The team showed that fibrinogen can have this effect even in brains that lack amyloid plaques, which are the focus of diverse treatment strategies that have failed in large clinical trials. The researchers showed that injecting even extremely small quantities of fibrinogen into a healthy brain caused the same kind of immune cell activation and loss of synapses they saw in Alzheimer's disease.

"Traditionally, the build-up of amyloid plaques in the brain has been seen as the root of memory loss and cognitive decline in Alzheimer's disease," says Mario Merlini, first author of the study and a staff research scientist in Akassoglou's laboratory at Gladstone. "Our work identifies an alternative culprit that could be responsible for the destruction of synapses."

The scientists' data help explain findings from recent human studies in which elderly people with vascular pathology showed similar rates of cognitive decline as age-matched people with amyloid pathology. However, patients with both types of pathology had much worse and more rapid cognitive decline. Other studies also identified vascular pathology as a strong predictor of cognitive decline that can act independently of amyloid pathology.

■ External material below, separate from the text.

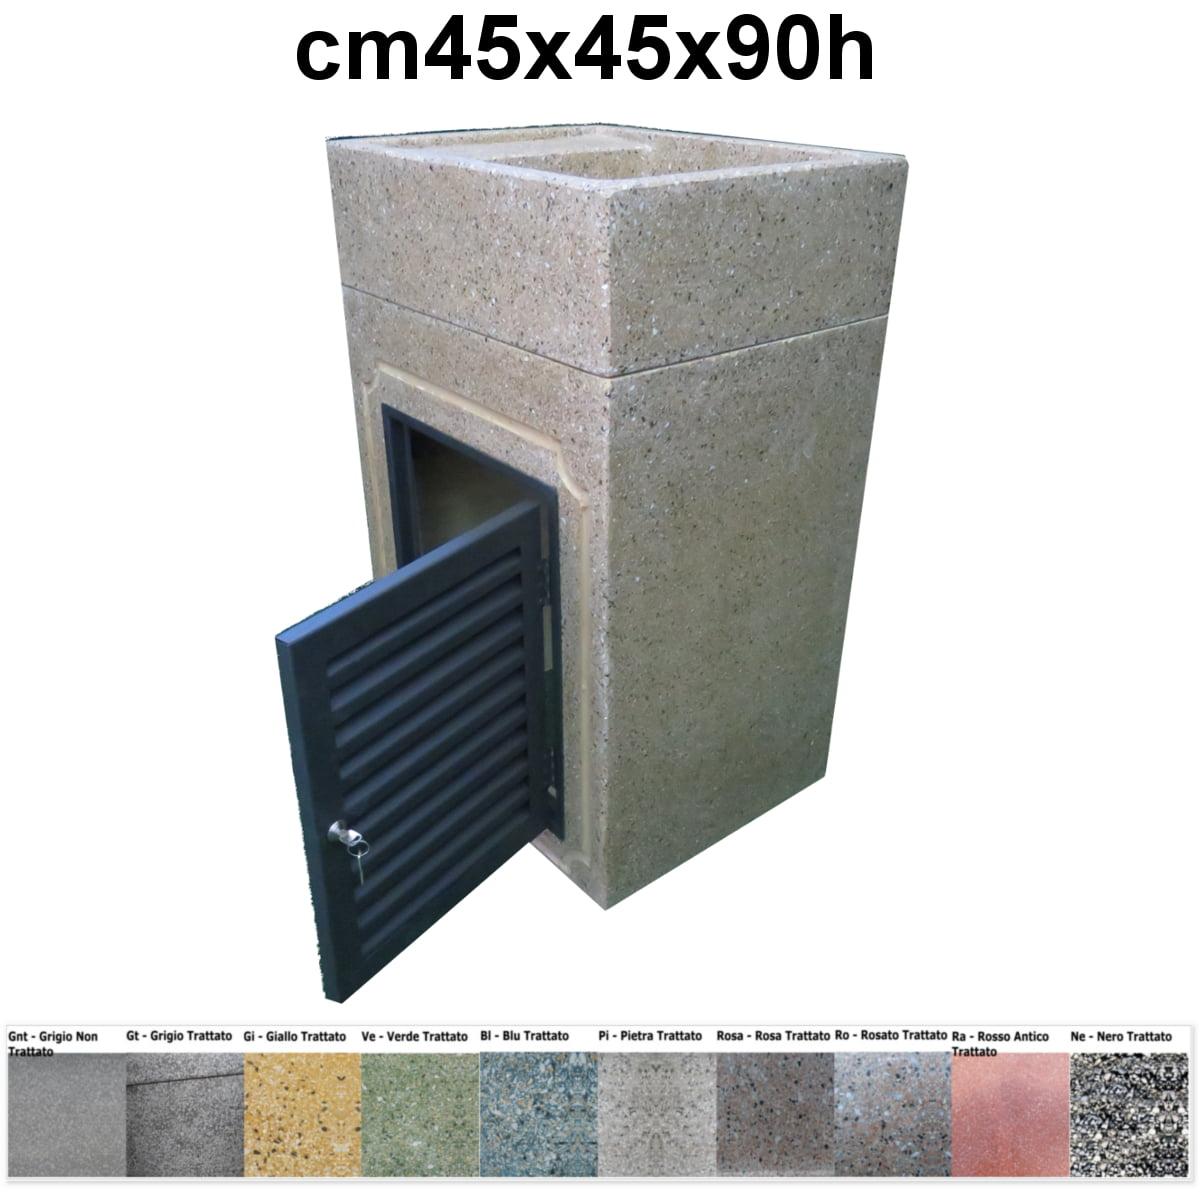 Lavabi Da Esterno Moderni.Lavabo Da Esterno 293 Con Sportello In Grafite 299 Offerta

"Given the human data showing that vascular changes are early and additive to amyloid, a conclusion from those studies is that vascular changes may have to be targeted with separate therapies if we want to ensure maximum protection against the destruction of neuronal connections that leads to cognitive decline," says Akassoglou.

Interestingly, Akassoglou and her colleagues recently developed an antibody that blocks the interaction between fibrinogen and a molecule on the brain's immune cells. In a previous study, they showed this antibody protected mouse models of Alzheimer's disease from brain inflammation and neuronal damage.

"These exciting findings greatly advance our understanding of the contributions that vascular pathology and brain inflammation make to the progression of Alzheimer's disease," said Lennart Mucke, MD, co-author of the study and director of the Gladstone Institute of Neurological Disease. "The mechanisms our study identified may also be at work in a range of other diseases that combine leaks in the blood-brain barrier with neurological decline, including multiple sclerosis, traumatic brain injury, and chronic traumatic encephalopathy. It has far-reaching therapeutic implications."